Title: SmartNIC-Based System with Software-Hardware Co-Design for Machine Learning Applications

Presenter: Shining Yang

Advisor: Professor Martin Herbordt

Chair: Professor Tali Moreshet

Committee: Professor Martin Herbordt, Professor Richard Brower, Professor Tali Moreshet, Professor Richard West

Google Scholar Link: https://scholar.google.com/citations?user=cm-EF2EAAAAJ&hl=en

Abstract: Most AI training and a growing fraction of AI inference are performed on large-scale GPU-based distributed systems. As AI models continue their rapid evolution, with model size and architectural complexity growing at an unprecedented rate, inefficiencies in these systems are increasingly being exposed. Bottlenecks arise not only from insufficient hardware resources but also from dead time resulting from suboptimal component interactions. One such bottleneck addressed in this dissertation is limited GPU memory capacity. A common approach to alleviating this limitation is to use CPUs, which provide substantially larger memory capacity, as offload engines. While this strategy reduces GPU memory pressure, it introduces new challenges: performance may become limited by constrained data-transfer bandwidth and the increasing complexity of coordinating computation across heterogeneous devices.
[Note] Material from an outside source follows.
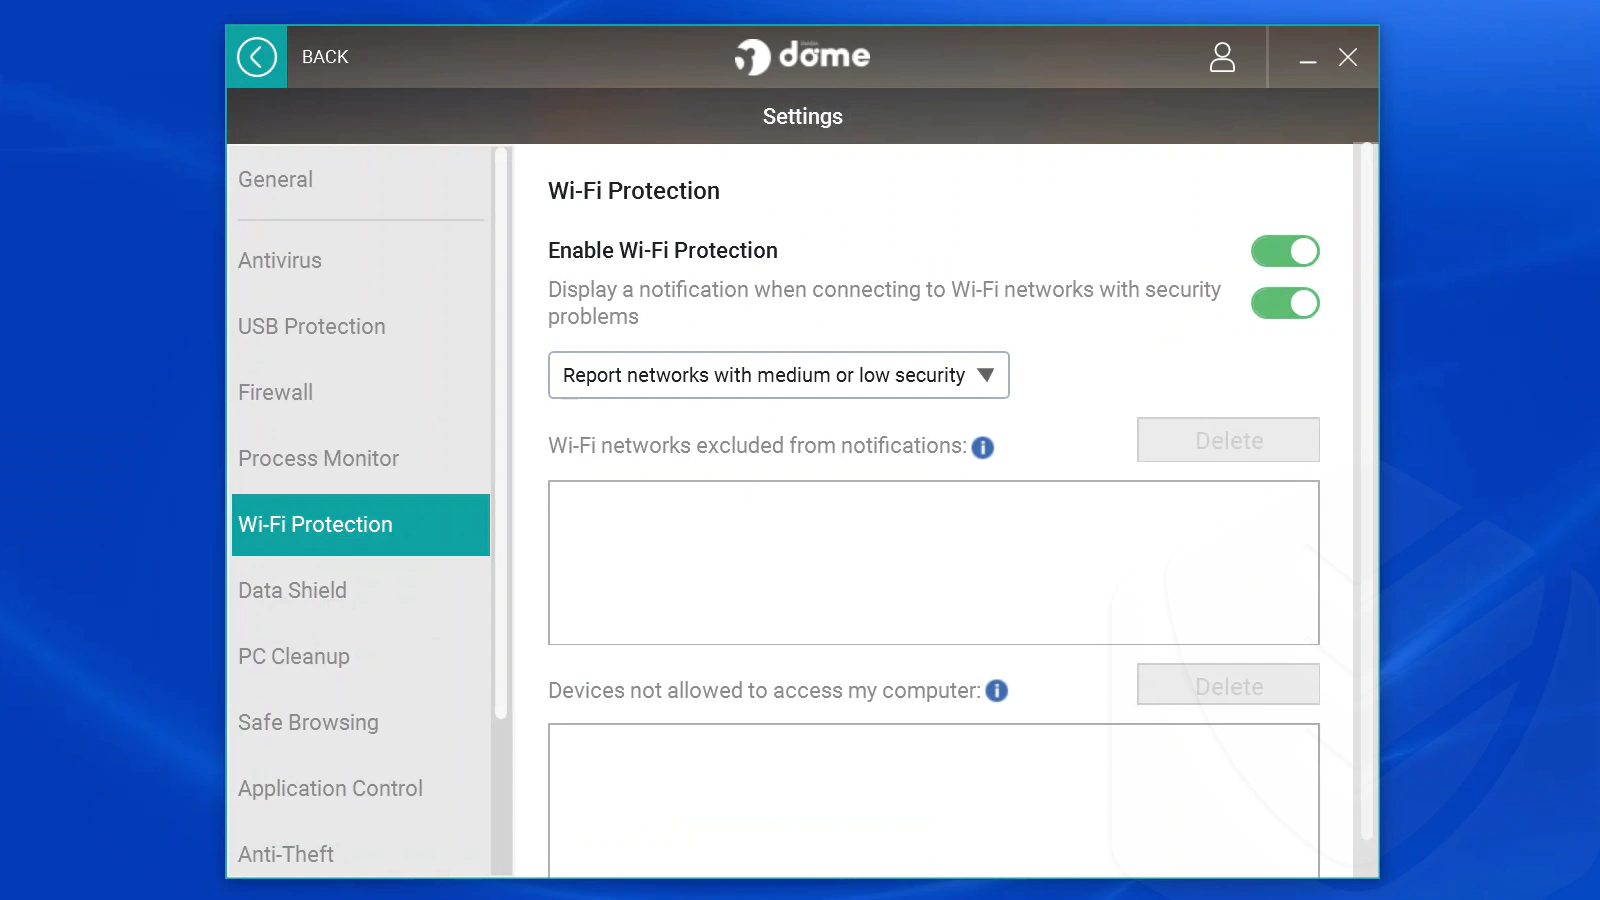 
Configurações da Proteção de Wi-FI do Panda

Our thesis is that system-level inefficiencies in large-scale distributed AI systems can be significantly reduced by integrating SmartNICs as active orchestration components that coordinate communication, data movement, and synchronization across heterogeneous devices. A SmartNIC is a programmable network interface device that integrates on-board processing capability with high-speed networking. By providing programmable packet processing and direct access to host and device memory, SmartNICs create new opportunities to restructure communication paths and execution pipelines. But rather than treating SmartNICs as isolated accelerators, we view them as part of a broader system co-design space that includes in-network computation, communication coordination, and multi-device cooperation.
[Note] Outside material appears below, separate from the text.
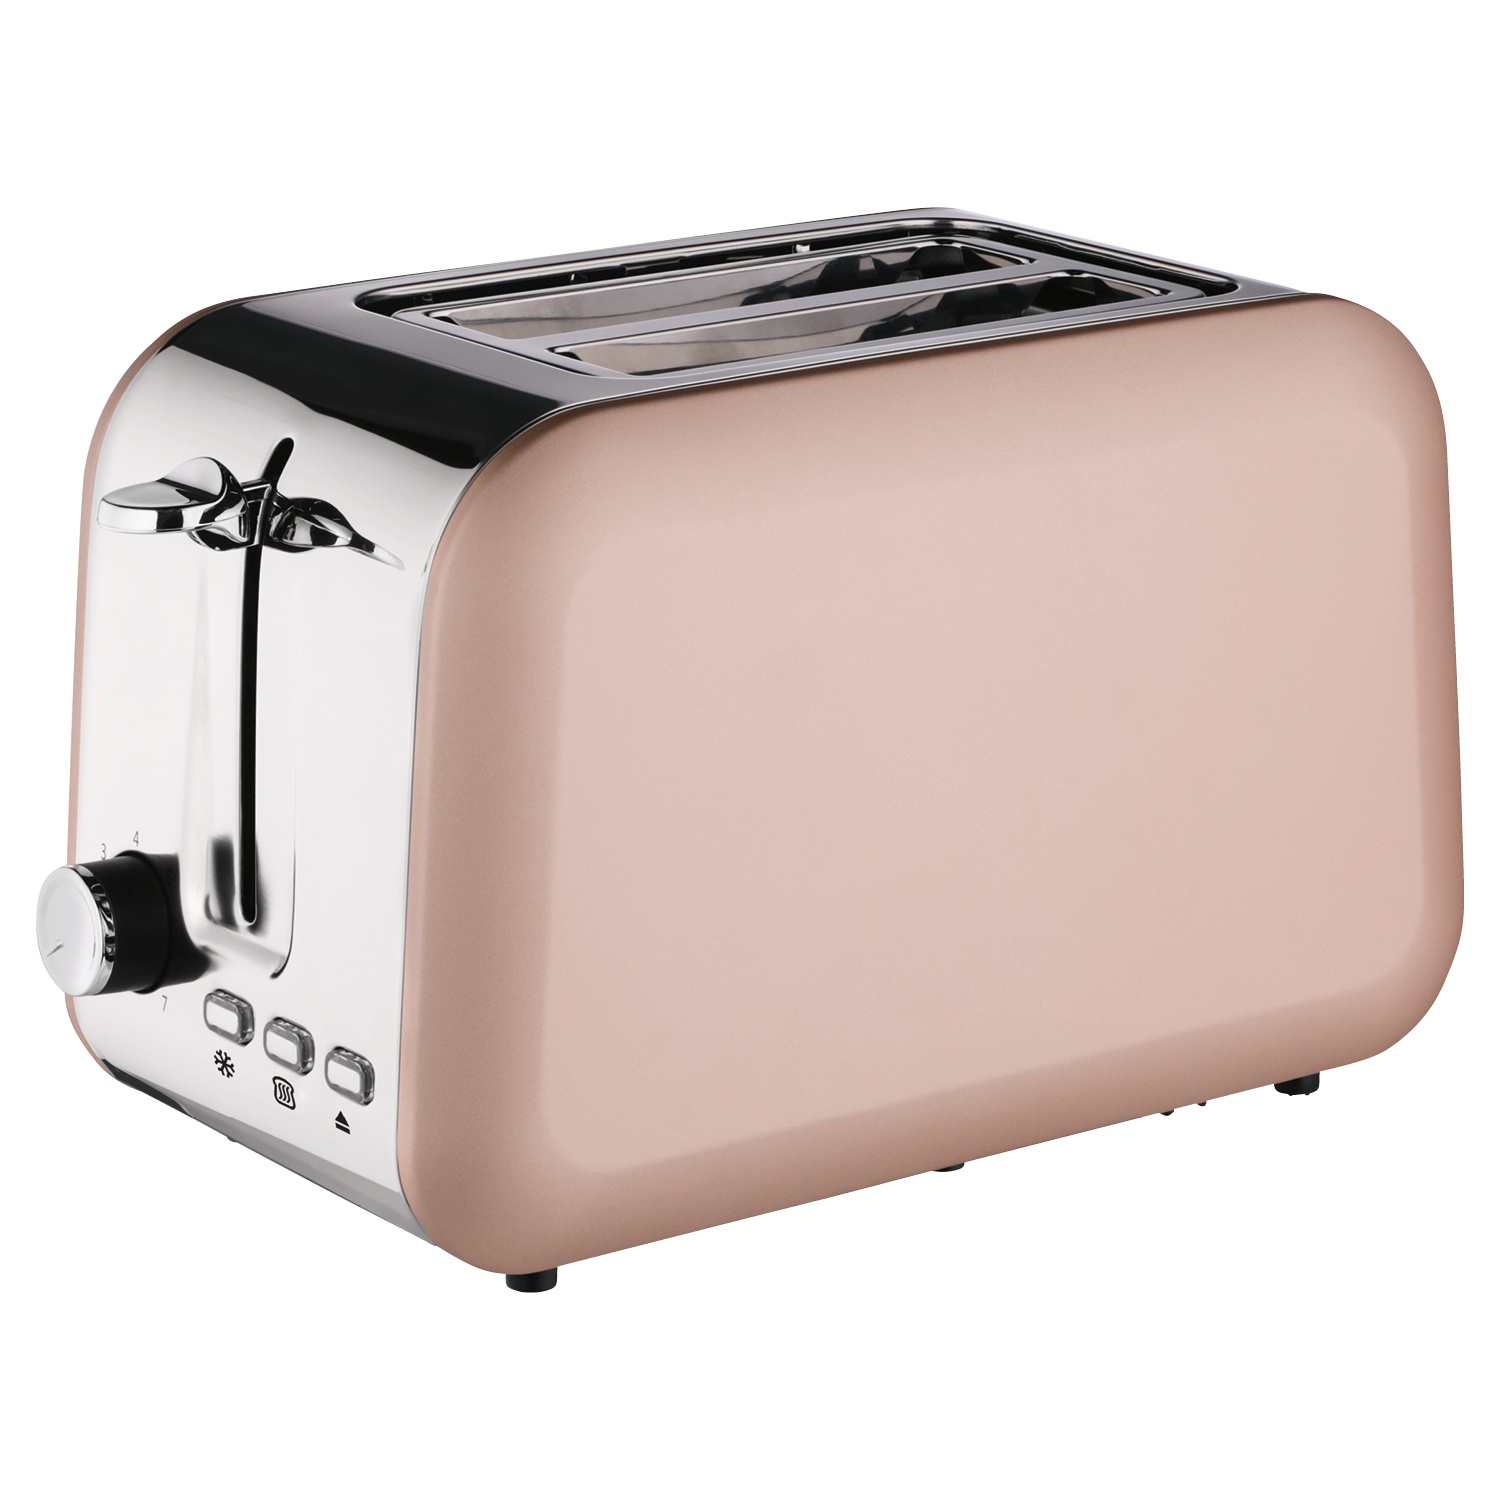 Aldi toaster - Die qualitativsten Aldi toaster analysiert!

This dissertation investigates SmartNIC-based mechanisms that offload communication and controlling tasks from host CPUs and GPUs to SmartNICs. These mechanisms aim to reduce GPU-side overhead, improve data-movement and control efficiency, and increase communication–computation overlap in distributed AI systems. The potential impact of this architecture is a reduction in the hardware scale required to support large AI model workloads, enabling researchers and smaller organizations without access to massive GPU clusters to run such workloads.

Preliminary work for this thesis investigates how SmartNIC-GPU-CPU (SGC) system designs can improve the efficiency of distributed training for both dense and sparse AI models. Results show that the proposed SGC system achieves up to 1.6x throughput improvement for dense model training. For MoE models (sparse model), it achieves up to 1.4x latency reduction and 1.6x throughput improvement.